*About this exercise*: Your answer is the lines below, exactly, from the one that contains "Maserati Quattroporte 1979" through the one that contains "Sobre l'arc d'entrada", both included.

*Records for this task*:
Content starts
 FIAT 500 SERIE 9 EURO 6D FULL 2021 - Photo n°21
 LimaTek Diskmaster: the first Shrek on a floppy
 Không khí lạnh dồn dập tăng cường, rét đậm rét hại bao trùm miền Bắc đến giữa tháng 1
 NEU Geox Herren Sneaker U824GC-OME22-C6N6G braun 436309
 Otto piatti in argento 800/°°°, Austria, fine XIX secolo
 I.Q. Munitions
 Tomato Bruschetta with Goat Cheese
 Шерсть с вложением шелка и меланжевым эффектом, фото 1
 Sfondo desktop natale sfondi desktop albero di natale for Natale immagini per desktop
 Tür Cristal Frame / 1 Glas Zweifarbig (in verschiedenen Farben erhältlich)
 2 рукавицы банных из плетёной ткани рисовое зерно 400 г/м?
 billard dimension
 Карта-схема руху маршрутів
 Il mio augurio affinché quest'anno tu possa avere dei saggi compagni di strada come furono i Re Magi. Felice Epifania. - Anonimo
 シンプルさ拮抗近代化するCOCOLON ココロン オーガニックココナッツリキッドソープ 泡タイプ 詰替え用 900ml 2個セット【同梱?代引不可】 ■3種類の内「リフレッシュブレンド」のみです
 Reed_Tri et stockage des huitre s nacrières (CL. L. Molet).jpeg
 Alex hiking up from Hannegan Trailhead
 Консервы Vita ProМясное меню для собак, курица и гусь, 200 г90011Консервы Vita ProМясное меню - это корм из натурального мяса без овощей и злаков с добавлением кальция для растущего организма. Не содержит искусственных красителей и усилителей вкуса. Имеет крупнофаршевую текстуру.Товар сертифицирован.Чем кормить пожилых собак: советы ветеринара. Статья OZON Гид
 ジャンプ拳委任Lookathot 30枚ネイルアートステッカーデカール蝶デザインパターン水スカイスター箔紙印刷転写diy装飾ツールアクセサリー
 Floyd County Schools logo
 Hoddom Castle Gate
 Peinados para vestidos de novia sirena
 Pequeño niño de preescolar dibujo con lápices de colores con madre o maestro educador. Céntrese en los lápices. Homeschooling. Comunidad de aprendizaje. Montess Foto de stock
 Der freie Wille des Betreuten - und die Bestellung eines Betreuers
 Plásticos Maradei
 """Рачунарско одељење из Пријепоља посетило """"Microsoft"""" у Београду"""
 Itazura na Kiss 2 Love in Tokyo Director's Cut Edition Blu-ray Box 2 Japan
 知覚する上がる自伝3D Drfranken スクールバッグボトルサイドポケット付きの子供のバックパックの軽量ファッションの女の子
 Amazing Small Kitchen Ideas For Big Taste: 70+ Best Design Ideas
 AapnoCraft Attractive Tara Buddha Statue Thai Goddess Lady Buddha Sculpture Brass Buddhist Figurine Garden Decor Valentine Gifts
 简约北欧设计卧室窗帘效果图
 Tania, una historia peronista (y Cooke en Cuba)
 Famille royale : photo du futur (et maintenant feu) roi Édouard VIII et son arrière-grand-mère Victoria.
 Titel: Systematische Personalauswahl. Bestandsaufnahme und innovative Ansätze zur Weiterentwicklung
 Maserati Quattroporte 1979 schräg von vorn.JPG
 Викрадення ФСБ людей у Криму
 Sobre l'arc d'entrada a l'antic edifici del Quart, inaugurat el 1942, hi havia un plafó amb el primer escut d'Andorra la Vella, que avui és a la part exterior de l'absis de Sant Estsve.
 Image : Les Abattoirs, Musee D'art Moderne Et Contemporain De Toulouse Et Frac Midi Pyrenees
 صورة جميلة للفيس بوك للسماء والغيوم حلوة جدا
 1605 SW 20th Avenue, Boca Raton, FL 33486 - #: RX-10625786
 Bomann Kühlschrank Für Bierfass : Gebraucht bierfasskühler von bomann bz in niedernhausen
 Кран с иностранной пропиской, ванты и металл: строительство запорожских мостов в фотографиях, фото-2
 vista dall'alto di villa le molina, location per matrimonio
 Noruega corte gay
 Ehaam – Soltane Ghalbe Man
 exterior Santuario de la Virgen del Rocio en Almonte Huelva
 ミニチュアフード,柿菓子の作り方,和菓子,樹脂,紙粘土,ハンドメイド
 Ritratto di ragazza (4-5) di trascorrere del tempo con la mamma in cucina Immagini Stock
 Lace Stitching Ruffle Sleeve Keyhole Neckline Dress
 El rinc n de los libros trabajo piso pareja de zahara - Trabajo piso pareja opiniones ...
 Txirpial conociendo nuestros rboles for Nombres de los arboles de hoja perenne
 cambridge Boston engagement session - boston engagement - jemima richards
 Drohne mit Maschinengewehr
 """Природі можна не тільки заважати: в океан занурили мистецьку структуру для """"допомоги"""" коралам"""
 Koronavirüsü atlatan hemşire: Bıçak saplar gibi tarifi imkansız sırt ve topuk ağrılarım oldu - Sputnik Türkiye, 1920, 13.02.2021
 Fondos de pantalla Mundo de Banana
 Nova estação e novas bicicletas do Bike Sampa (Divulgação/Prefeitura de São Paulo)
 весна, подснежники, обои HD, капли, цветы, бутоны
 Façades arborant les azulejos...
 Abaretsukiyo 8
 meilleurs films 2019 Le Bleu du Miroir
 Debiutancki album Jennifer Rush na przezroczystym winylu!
Content ends
*Task answer*:
 Maserati Quattroporte 1979 schräg von vorn.JPG
 Викрадення ФСБ людей у Криму
 Sobre l'arc d'entrada a l'antic edifici del Quart, inaugurat el 1942, hi havia un plafó amb el primer escut d'Andorra la Vella, que avui és a la part exterior de l'absis de Sant Estsve.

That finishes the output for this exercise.